The prevalence of, and agreement between, self-reported conditions and VHA records using varying case ascertainment strategies and by VHA user frequency (irregular, regular, or high) were examined. Comparing specific criteria and sensitive criteria for medical record diagnoses prior to the survey date resulted in higher concordance as assessed by Youden’s J for all diagnoses, but no consistent patterns were observed with respect to the magnitude of positive or negative agreement (see Additional File 3). Comparison of diagnoses occurring ever versus prior to survey date using specific criteria resulted in a lower Youden’s J but a higher positive agreement for nearly all diagnoses. No consistent pattern of differences across diagnoses was seen for positive agreement or Youden’s J comparing high and regular users of VHA health care (see Additional File 4). Irregular users of VHA health care had lower levels of positive agreement for most diagnoses compared with regular or high users.

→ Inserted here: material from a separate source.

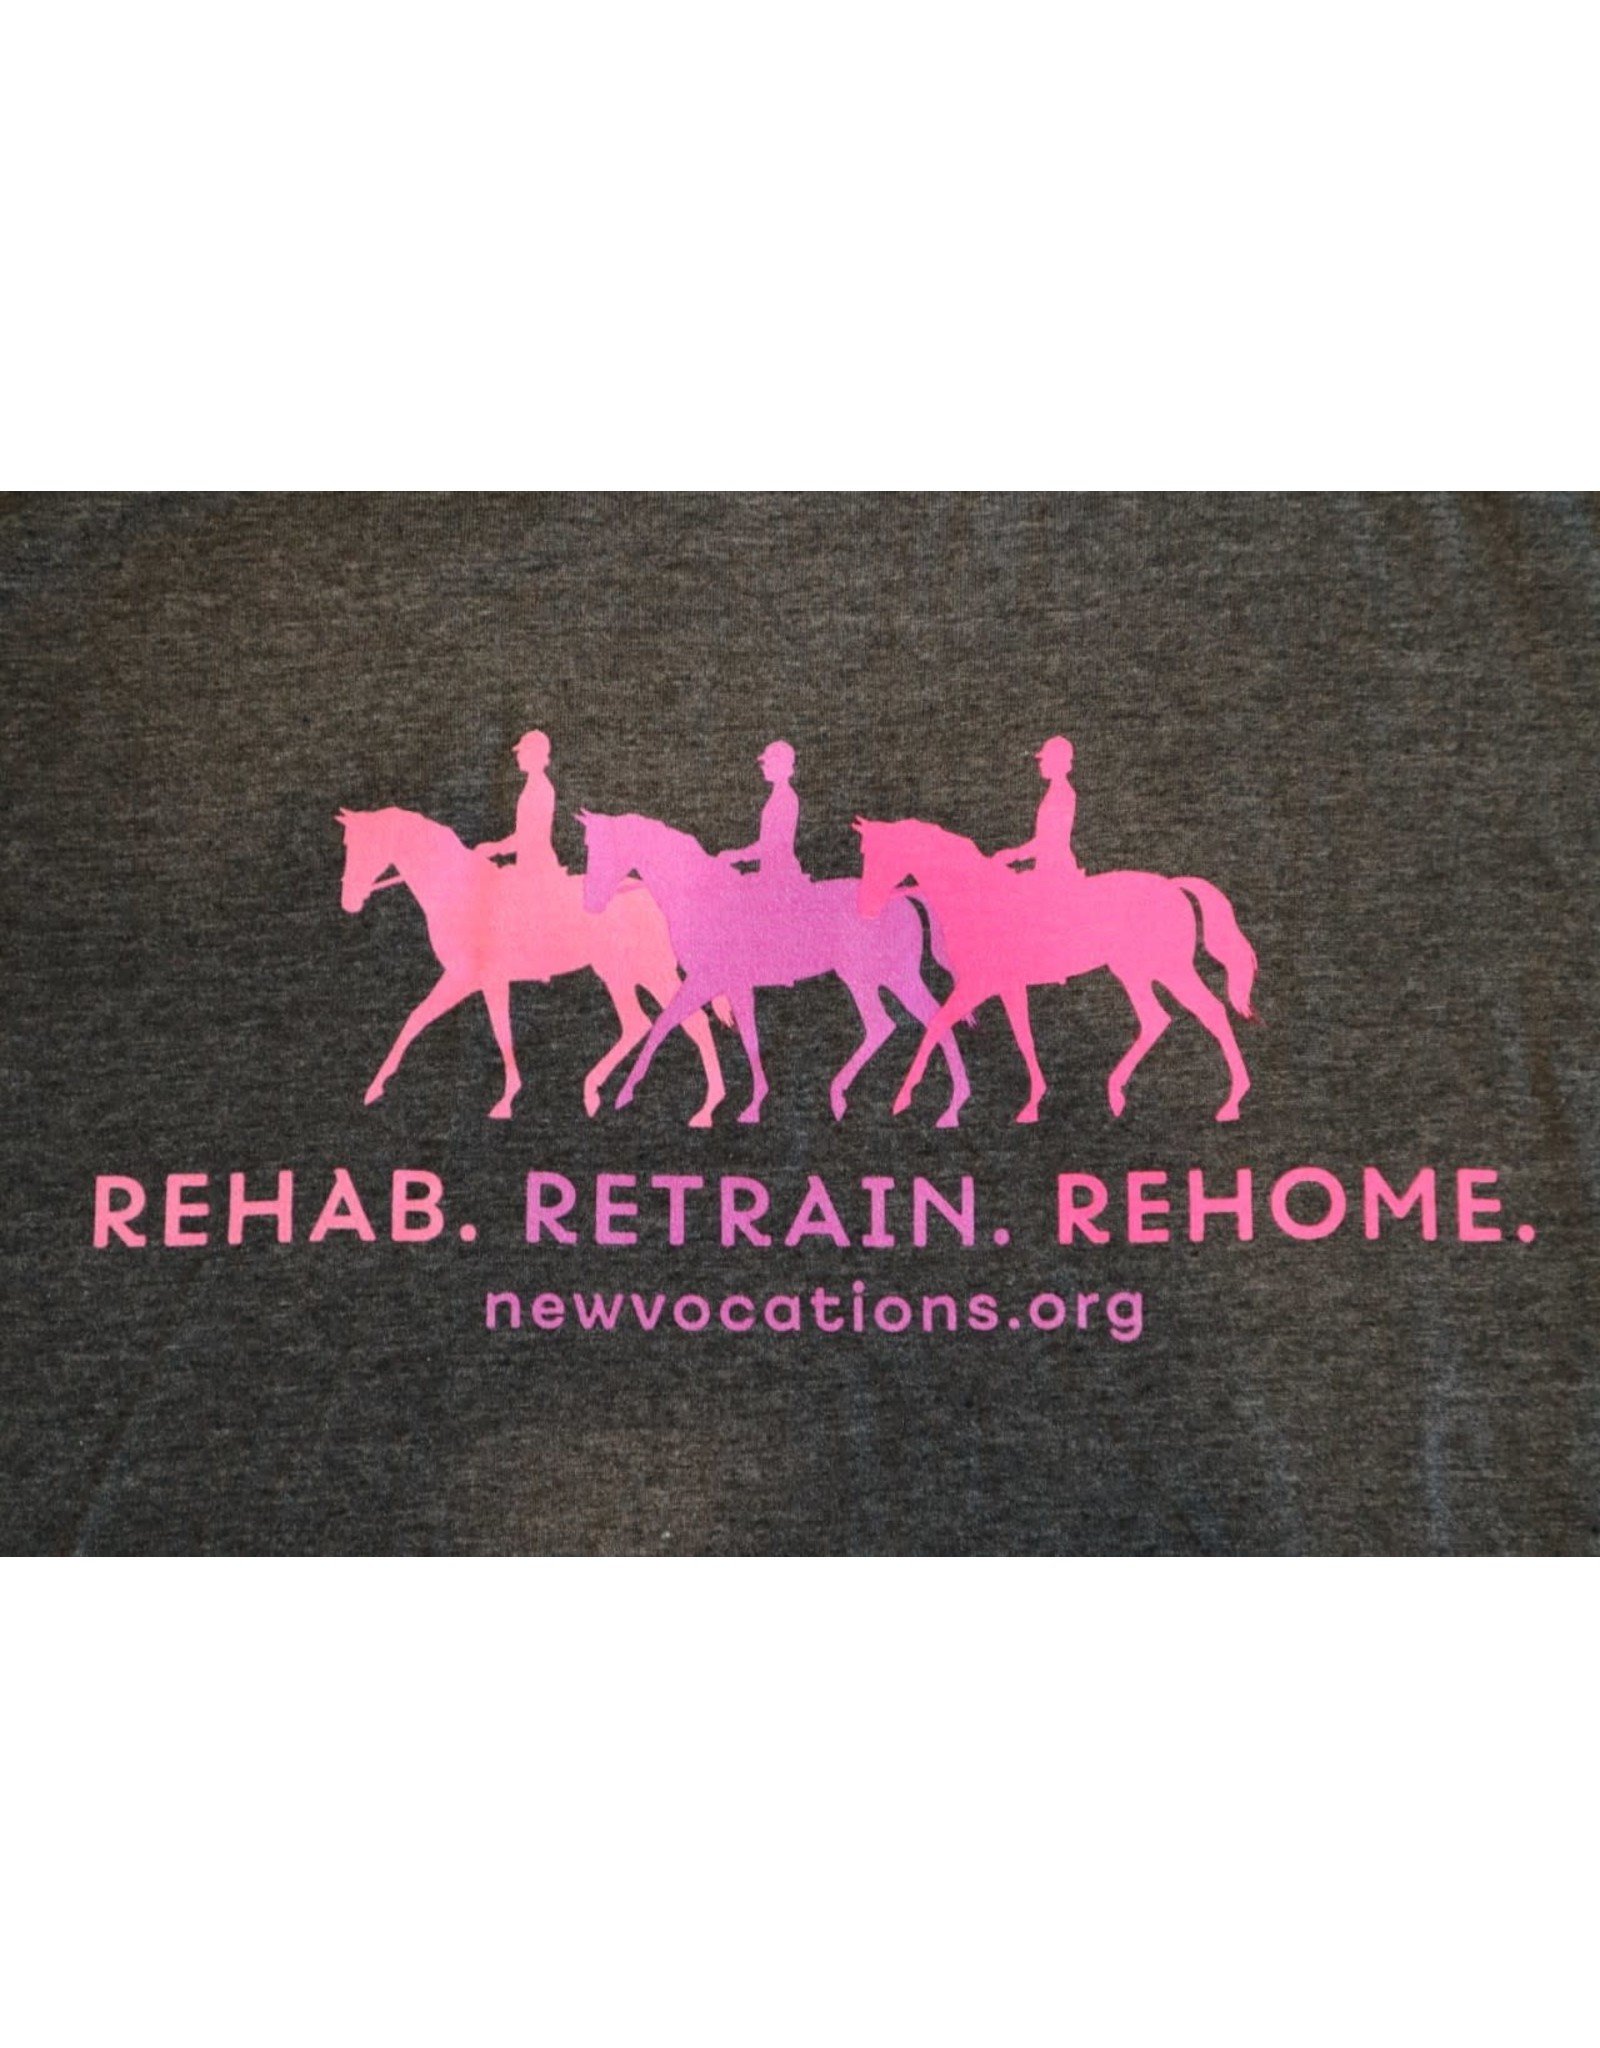 Dark Grey "Rehab. Retrain. Rehome." T-Shirts

Sensitivity analyses (Additional File 5) examined the prevalence of depression in VHA only and combined VHA-MDR records when ICD codes relevant to Unspecified Depressive Disorder were excluded. In excluding these codes, the agreement between self-reported conditions and VHA records remained consistent with the results reported in Table 2.

The prevalence of ever smoking and problem drinking (Table 3) was higher for both in VHA records (61.4% and 43.8%, respectively) than in self-reported records (50.8% and 27.1%, respectively). Positive agreement between self-reported and VHA records was 83.2% for ever smoking and 49.2% for problem drinking, while negative agreement was 78.5% for ever smoking and 72.1% for problem drinking. Concordance was substantial for ever smoking (Youden J = 0.65) and fair for problem drinking (Youden J = 0.23).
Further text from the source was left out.